Markus February 26, 2013 at 09:07 PM
"Exactly which communities with strong property values have poor schools and which areas where houses are cheap have good schools, Markus?" You're suggesting that "good" schools result in high property values. I would argue the inverse is true. Affluence will always have a positive affect due to more financial resources and parental involvement. Allow parents to opt out of the system (that means taking their dollars with them) and you'd see for profit or private schools pop up all over the place. St. Croix Prep is still a public school. The fact that it's wildly popular would suggest people are desperate for alternatives. That being said St. Croix Prep is hardly a panacea.

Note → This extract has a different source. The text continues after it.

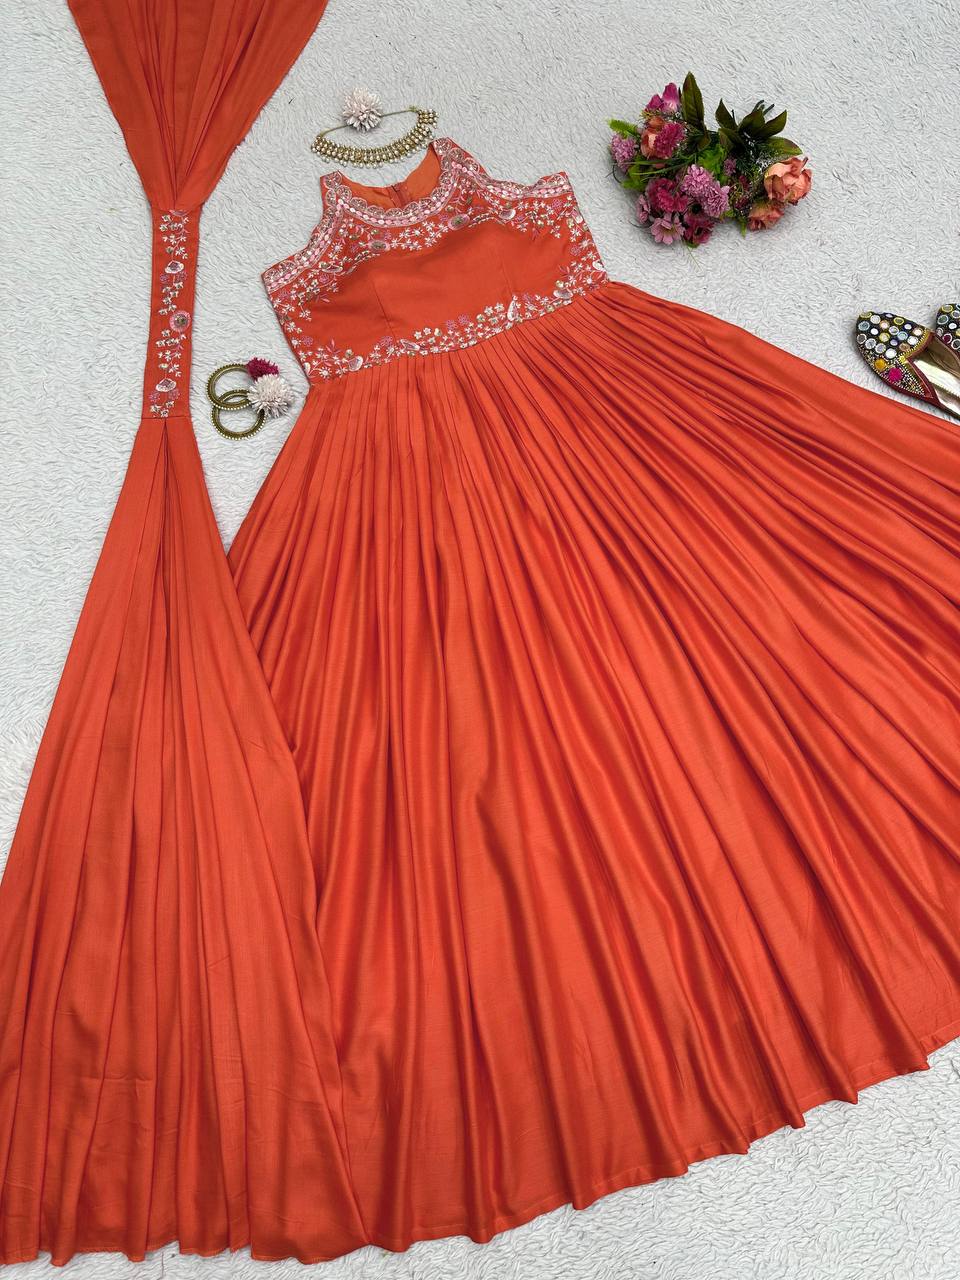 New Long Flair Orange Gown Functional Occasion Wear

Keith O. February 26, 2013 at 09:51 PM
I don't think that's the "logical end" for most people, Markus. You seem to build your arguments around your paranoid perception of being forced to do things by the government. I wasn't forced to take my kids to ECFE, but I certainly took advantage of the opportunity to meet and interact with other parents while my children were in their "indoctrination" sessions. Or, as ECFE called it, play time. There's nothing wrong with home schooling, but it's simply not practical for most families where both parents are forced to work (not by the government, but by their creditors). We're "addicted to the government school paradigm" of 7 to 8 hours a day because it conveniently coincides with the typical work day. By "traditional parenting model," I assume you mean the father works outside the home for financial gain and the mother stays home with the kids. I was fortunate enough to be home with four kids until they were old enough for school. And I would disagree that parents who choose to stay home and raise their children get nothing. I think the experience and the memories are priceless. If we subsidize anything, we should subsidize professionals who specialize in educating our children and guiding them through a broad range of experiences they could never get at home or on the Internet. Oh yeah, we already do that.
tax payer March 01, 2013 at 05:46 PM
Looks like no need for a levy - Yahoo................... Minnesota deficit forecast shrinks: St. Paul Pioneer Press 3-1-2013... The forecast was especially good news for schools. It projects a $295 million fund balance in Minnesota's treasury at the end of the current fiscal year June 30. State law requires $290 million of that money go to pay off part of the $1.1 billion the state owes schools in delayed payments.